While driving, the driver looks away from the road and looks at the instrument panel and other consumer electronics, which is a safety concern. Therefore, an important means of transferring driving information on the instrument panel to a head-up display (HUD) is utilized for safe driving.

With the development of HUD, the additional functions are becoming more and more abundant, and now there are new application requirements such as augmented reality HUD (AR-HUD). In addition, it requires multiple virtual image planes. As a result, information such as a navigator and a map can be displayed on a distant virtual image plane, and information such as vehicle speed and oil amount can be displayed on a nearby virtual image plane. FIG. 1 is a conceptual diagram of a HUD having a plurality of virtual image planes, as shown in FIG. have In the existing technology, to realize HUD with multiple virtual image planes, most of them adopt the following two methods: (1) using two image generation units and two sets of projection optical systems; For example, one set of image generation unit and projection optical system is mounted under the instrument panel, and another set of image generation unit and projection optical system is mounted on the top of the driver's seat. Each set of systems produces virtual images at two different distances. Alternatively, (2), using two image generation units and a set of projection optical systems, for example, as shown in FIG. Equipped with an image generation unit 2 and an image generation unit 3 and a set of projection optical systems 4, respectively, the two image generation units 2, 3 are at different object distances 01, 02 with respect to the projection optical system 4. Generates a virtual image of distance. However, the conventional technology has to use multiple image generation units to generate multiple virtual images at different distances, which not only increases the system cost, but also increases the difficulty of driving, mounting and debugging. .

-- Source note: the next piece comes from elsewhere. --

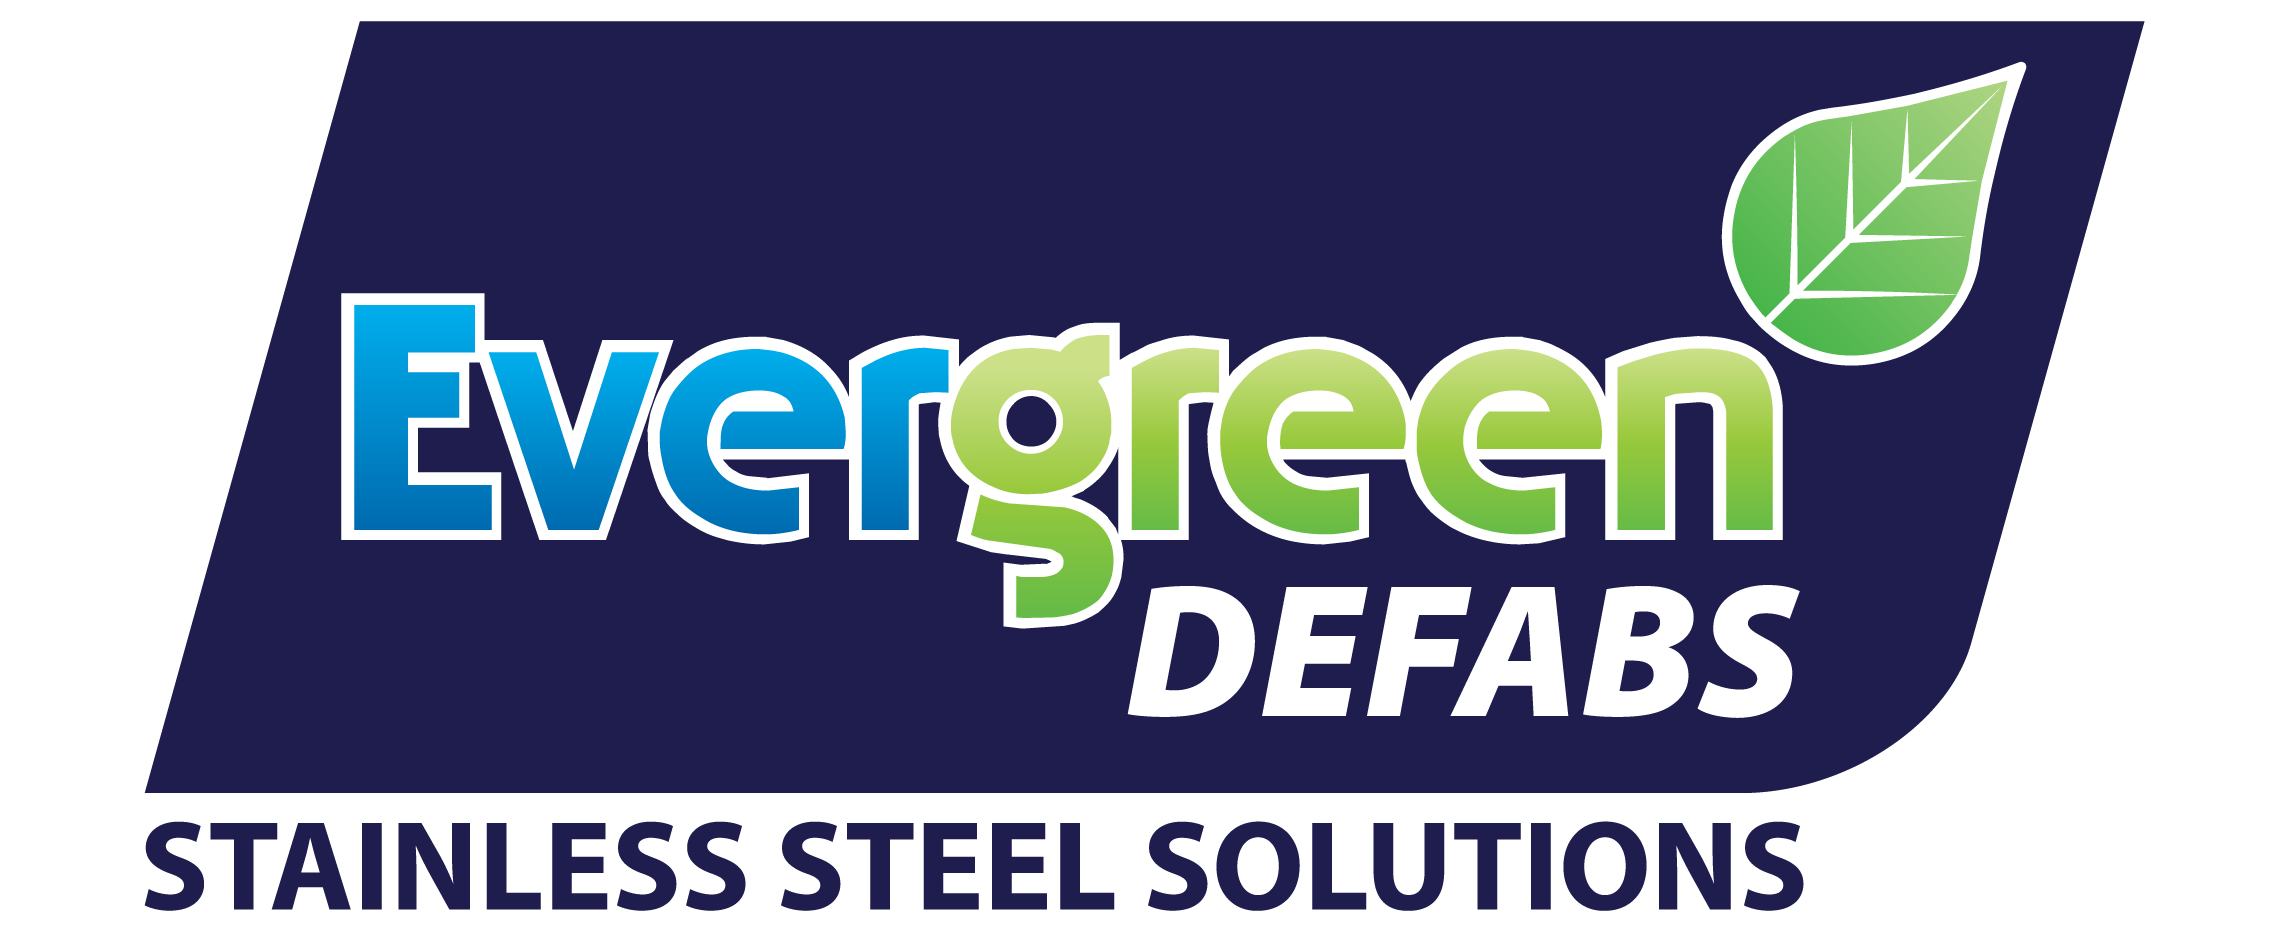 evergreen-defabs-logo-v03
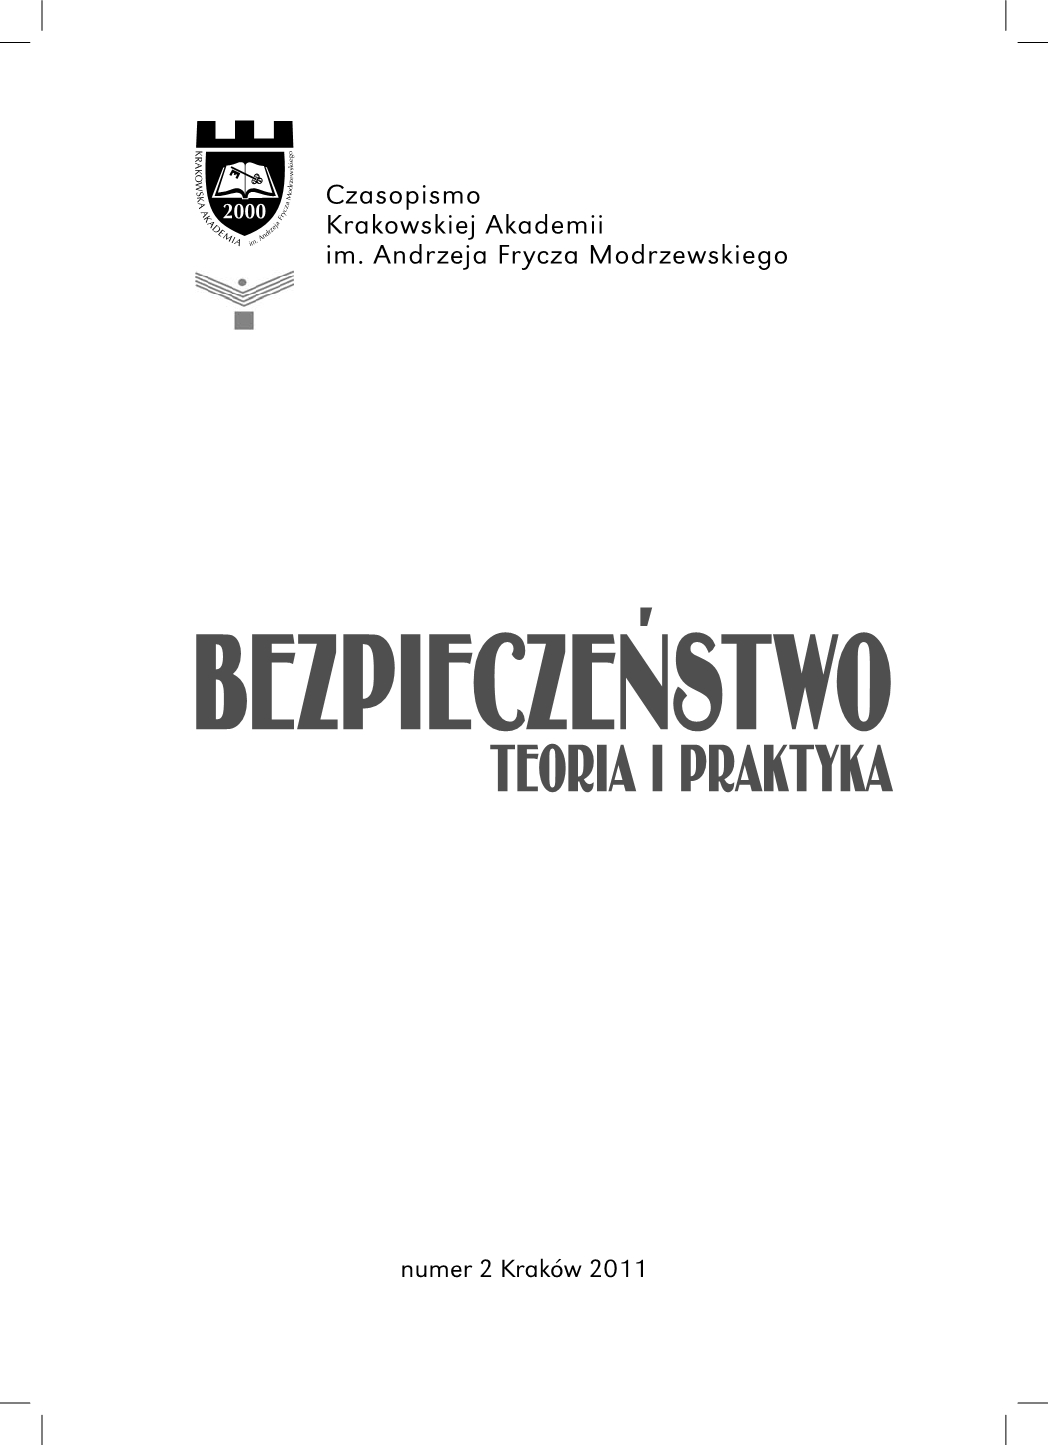 Polskie służby specjalne. Słownik pod redakcją Konstantego A. Wojtaszczyka - book review Cover Image

Therefore, how to improve the above problems is the focus of the technology disclosed by the present invention.

The present invention provides a head-up display system for a motor vehicle, which utilizes a single image generating unit to generate at least two virtual images at different distances to provide sufficient driving information to the driver and An object of the present invention is to simplify the assembly of a head-up display system and reduce the production cost.

An automotive head-up display system according to one embodiment of the present invention includes a windshield and a display device. A windshield is articulated with the body of the vehicle and has a light reflective surface. The display device has an image generation unit and an optical imaging module. The image generating unit is installed in the vehicle body and generates a first image light and a second image light. The optical imaging module is installed at the light exit side of the image generating unit and has at least one plane mirror and at least one first curved mirror to direct the first image light through the first optical path. The second image light is reflected from the surface of the windshield and reflected from the surface of the windshield via the first optical path, thereby generating a first virtual image and a second virtual image, respectively. The distance of the first optical path is shorter than the distance of the second optical path.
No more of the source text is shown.